Reading Literary Fiction Improves Theory of Mind
Source: https://www.science.org/doi/10.1126/science.1239918 ↗
Kidd and Castano's experiments show that reading literary fiction — as distinct from popular fiction or nonfiction — measurably improves theory of mind, the ability to attribute mental states to others.
The finding was published in Science and sparked a productive replication debate that largely confirmed the core result.
For product direction the paper matters because it reframes empathy as a trainable cognitive capacity rather than a personality trait, which changes what you can do about it organisationally.
If your product team struggles to model user intent, the prescription is not "hire more empathetic people" but "create conditions that develop the skill." Short, rigorous, and pairs well with Levy's work on empathy education in engineering and Krznaric's broader argument in Empathy and the Art of Living.
Central argument
Kidd and Castano conducted a series of experiments demonstrating that reading literary fiction — defined by its resistance to easy interpretation and its demand that readers actively infer characters' inner lives — produces measurable, short-term improvements in theory of mind, the cognitive capacity to attribute beliefs, intentions, and emotions to others. Crucially, the effect was specific: popular fiction and nonfiction did not produce the same gains. The core thesis is that literary fiction functions as a simulator for social cognition, not merely a source of emotional resonance.
Critique
The most substantive limitation is the measurement instrument: the studies rely heavily on the 'Reading the Mind in the Eyes' test, which captures a narrow slice of social cognition and has itself been critiqued for conflating emotion recognition with full theory of mind. This raises the question of whether the experiments demonstrate genuine improvement in attributing complex mental states — the kind required to model a user's latent needs — or a more modest, domain-specific perceptual skill that may not transfer to real-world social reasoning. The replication debate, while broadly supportive, also revealed sensitivity to experimental conditions, suggesting the effect size and durability under natural reading conditions remain genuinely uncertain.
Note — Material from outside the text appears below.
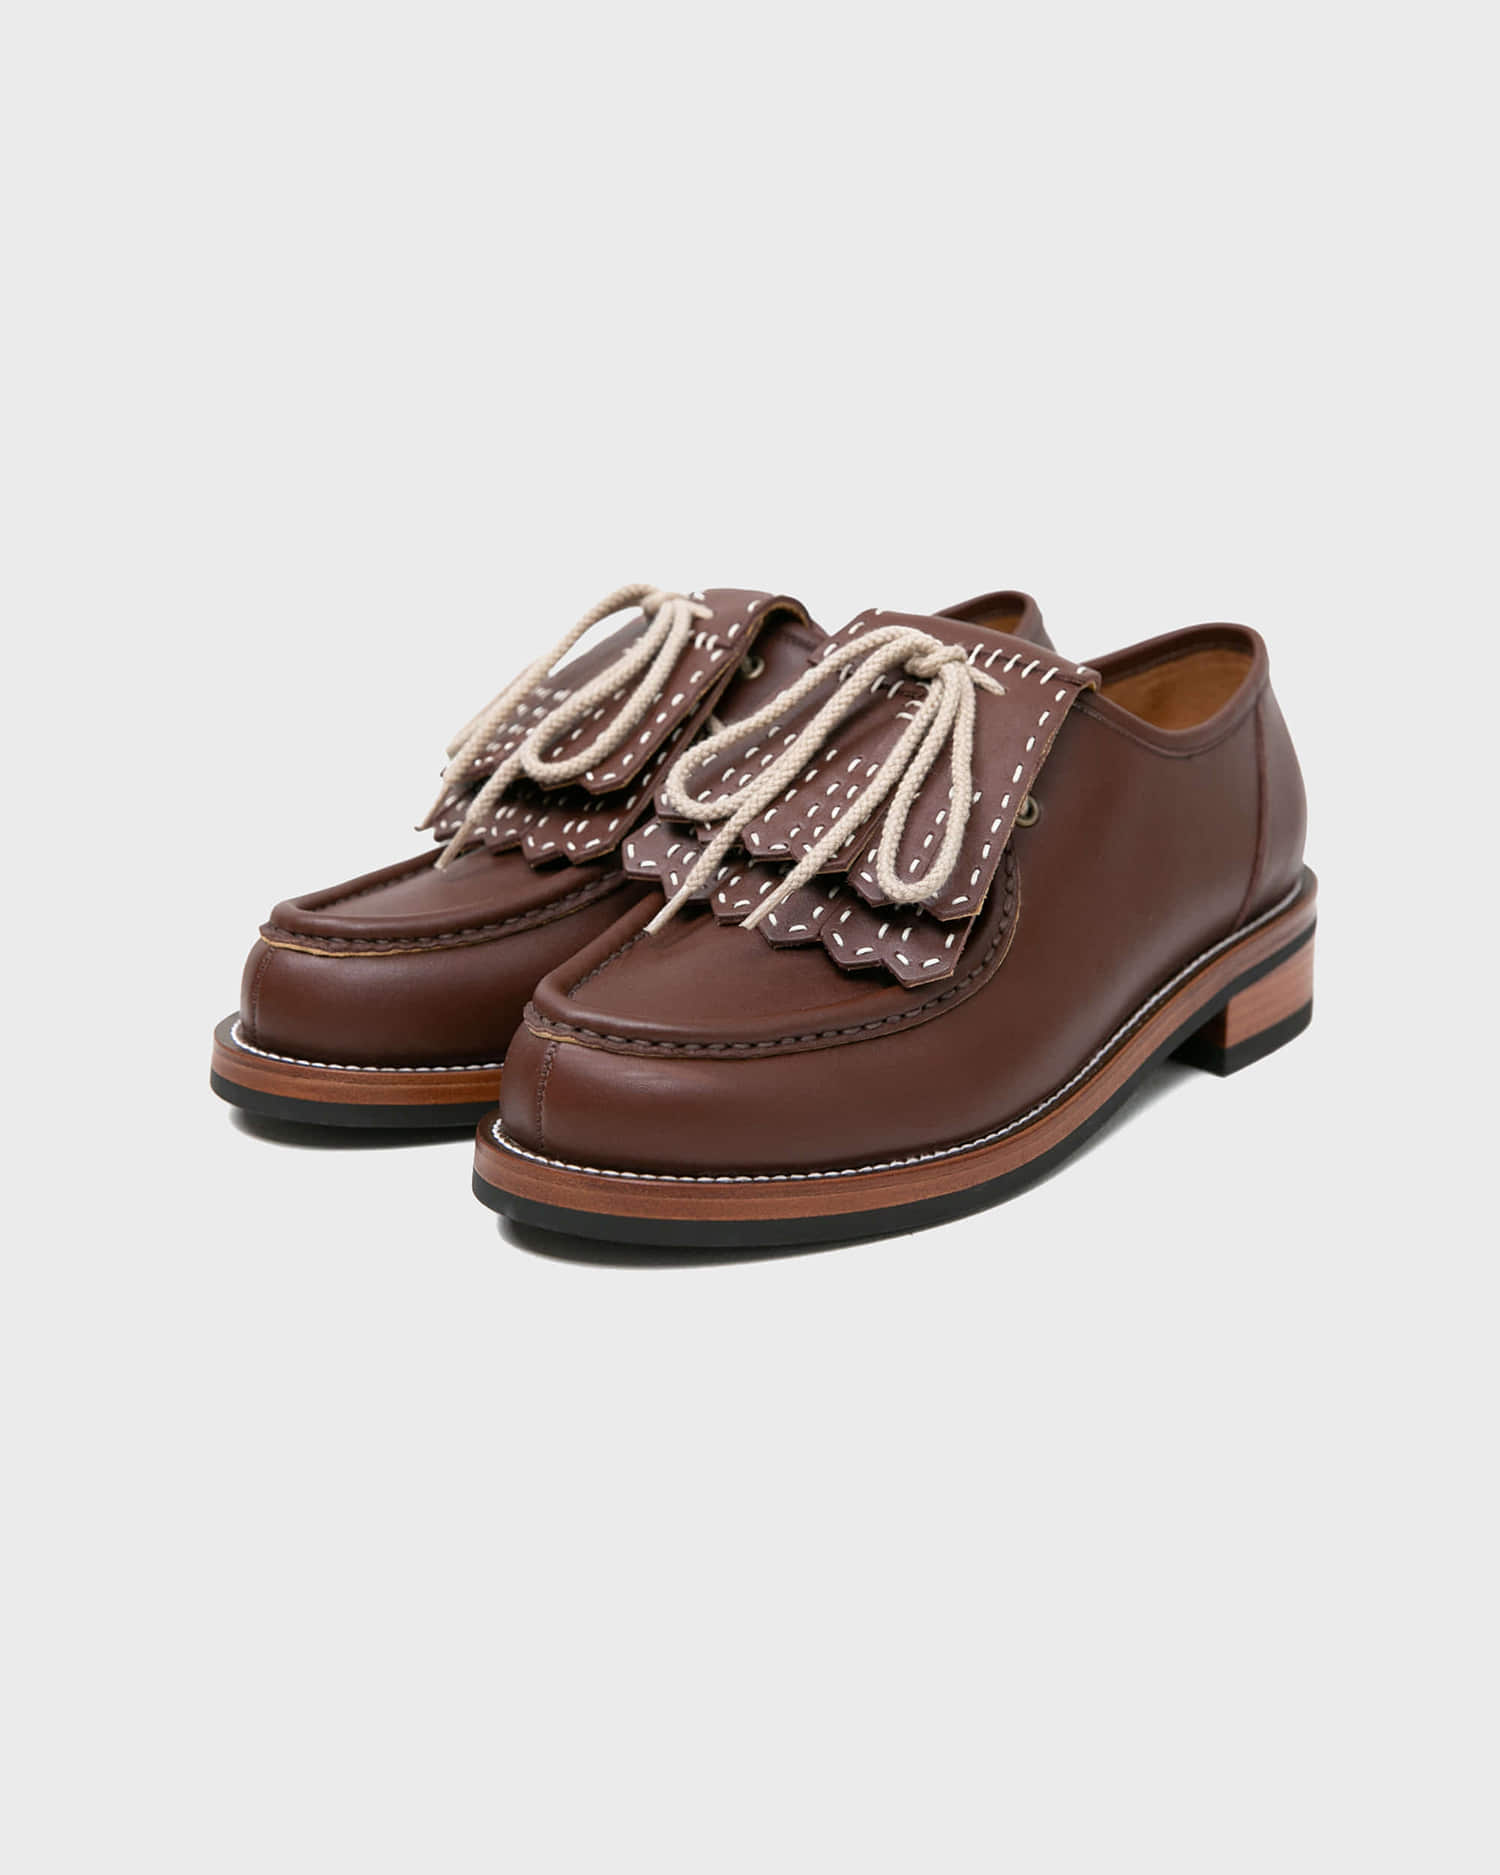 [BILLYS&amp;CO X ANGLAN] Kiltie Tongue Shoes - Brown

Why it matters for product
For a CPO, the paper's most actionable implication is that the empathy deficit common in technically-oriented product teams is a capability gap that can be deliberately closed, not a fixed trait requiring a hiring solution. This reframes onboarding, team rituals, and professional development — exposure to literary fiction, or other practices that force inference about ambiguous mental states, could be embedded as legitimate development alongside user research methods. It also sharpens the diagnostic question when discovery repeatedly misfires: the problem may not be insufficient data about users, but insufficient cognitive infrastructure on the team to interpret it.